How do you differentiate `y=cot(1-2x^2)`?

Answer 1

`y^' = 4x * csc^2(1-2x^2)`

Explanation:

You can differentiate this function by using the chain rule for `cotu`, with `u = 1-2x^2`.

I'll assume that you don't know what the derivative of `cotx` is, but that you do know that

`color(blue)(d/dx(cosx) = -sinx)" "` and `" "color(blue)(d/dx(sinx) = cosx)`

You can derive the derivative of `cotx` by using the quotient rule or by using the product rule and the chain rule.

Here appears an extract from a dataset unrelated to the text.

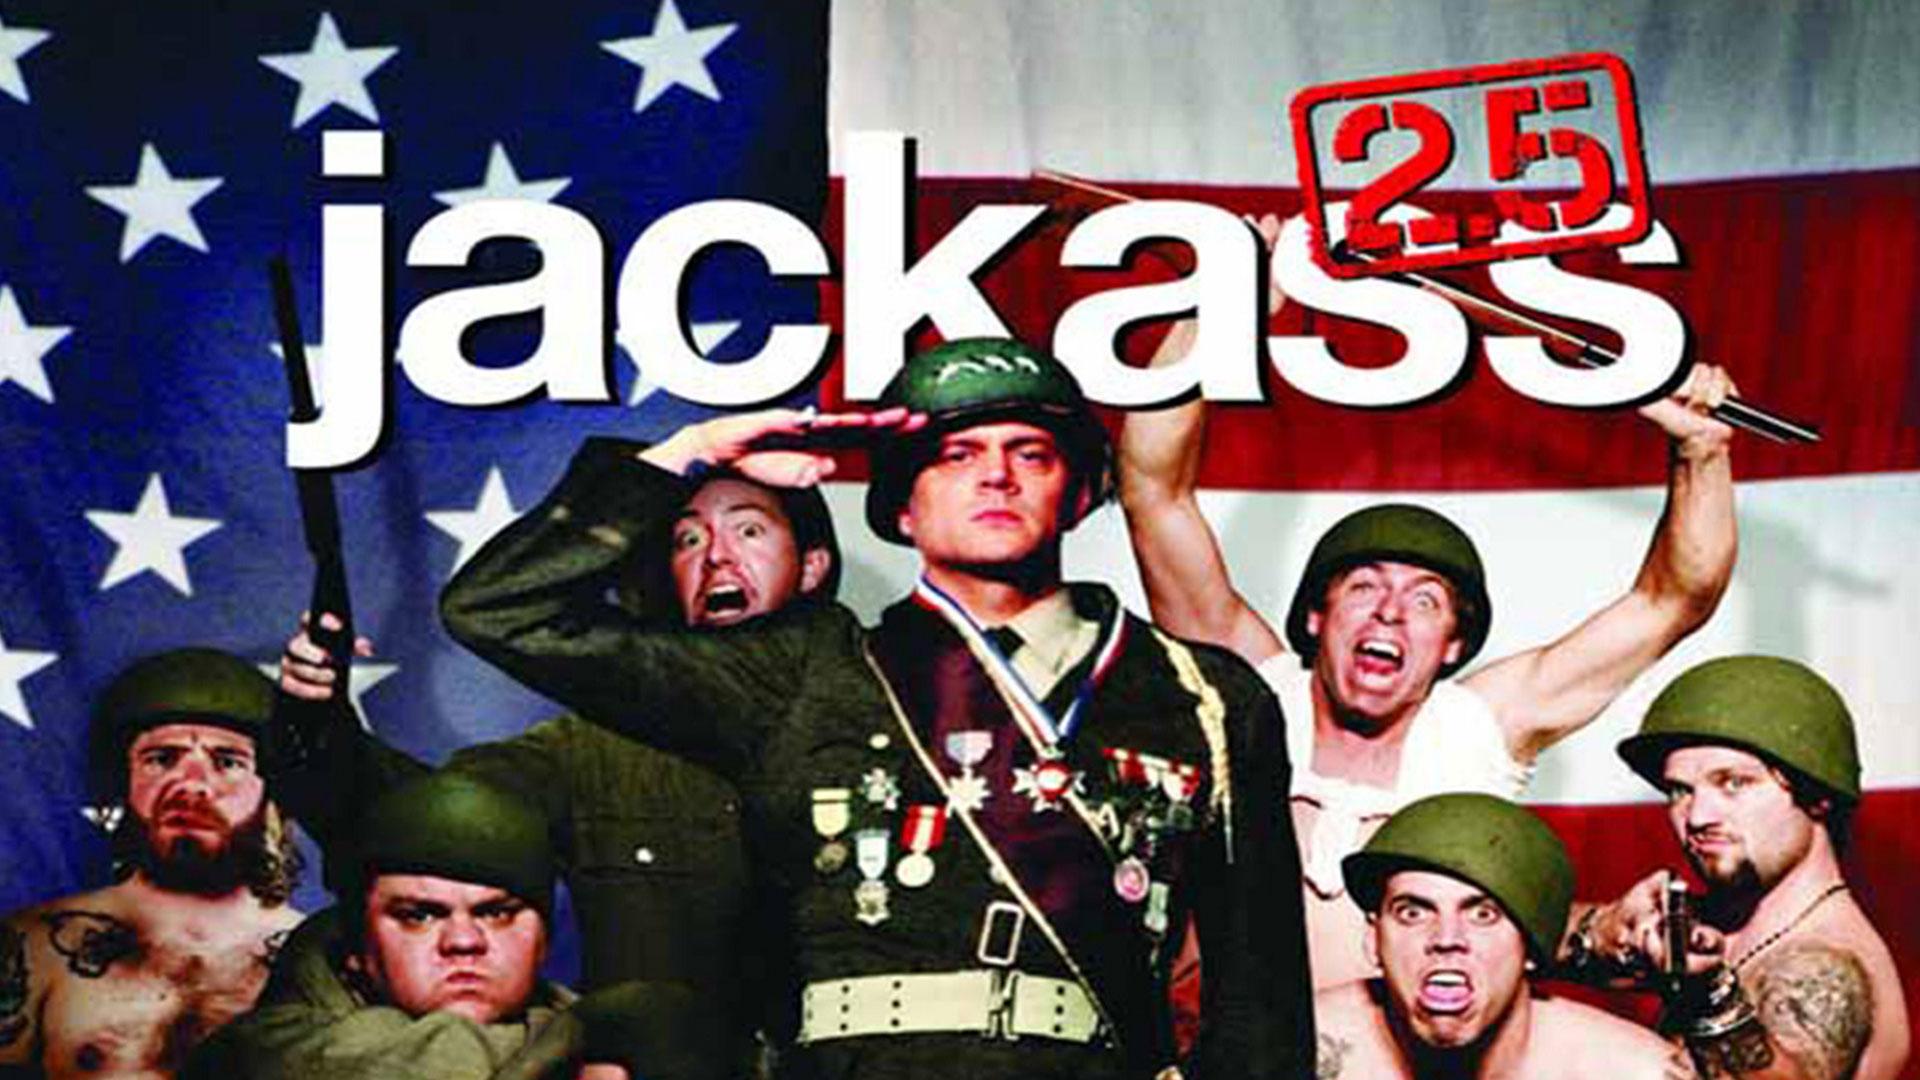 Jackass 2.5 [OmU]

You can find the derivative of `cotx` by using the quotient rule here, so I'll use the product + chain rules.

Start from the fact that

`cot(x) = cosx/sinx`

this can be rewritten as a product of two functions

`cotx = cosx * sin^(-1)x`

If you take `t^(-1)` with `t = sinx`, you can write

`d/dx(cotx) = [d/dx(cosx)] * sin^(-1)x + cosx * [d/dx(t^(-1))]`

`d/dx(cotx) = -color(red)(cancel(color(black)(sinx))) * color(red)(cancel(color(black)(sin^(-1)x))) + cosx * [d/(dt)t^(-1) * d/dx(t)]`

`d/dx(cotx) = -1 + cosx * [-t^(-2) * d/dx(sinx)]`

`d/dx(cotx) = -1 + cosx * (-1/sin^2x * cosx)`

`d/dx(cotx) = -1 -cos^2x/sin^2x`

This can be written as

`d/dx(cotx) = -(overbrace(sin^2x + cos^2x)^(color(blue)(=1)))/sin^2x = -1/sin^2x = -csc^2x`

Your original derivative will thus be

`d/dx(y) = d/(du)(cotu) * d/dx(u)`

`y^' = -csc^2u * d/dx(1-2x^2)`

`y^' = -csc^2(1-2x^2) * (-4x)`

Finally, you get that

`y^' = color(green)(4x * csc^2(1-2x^2))`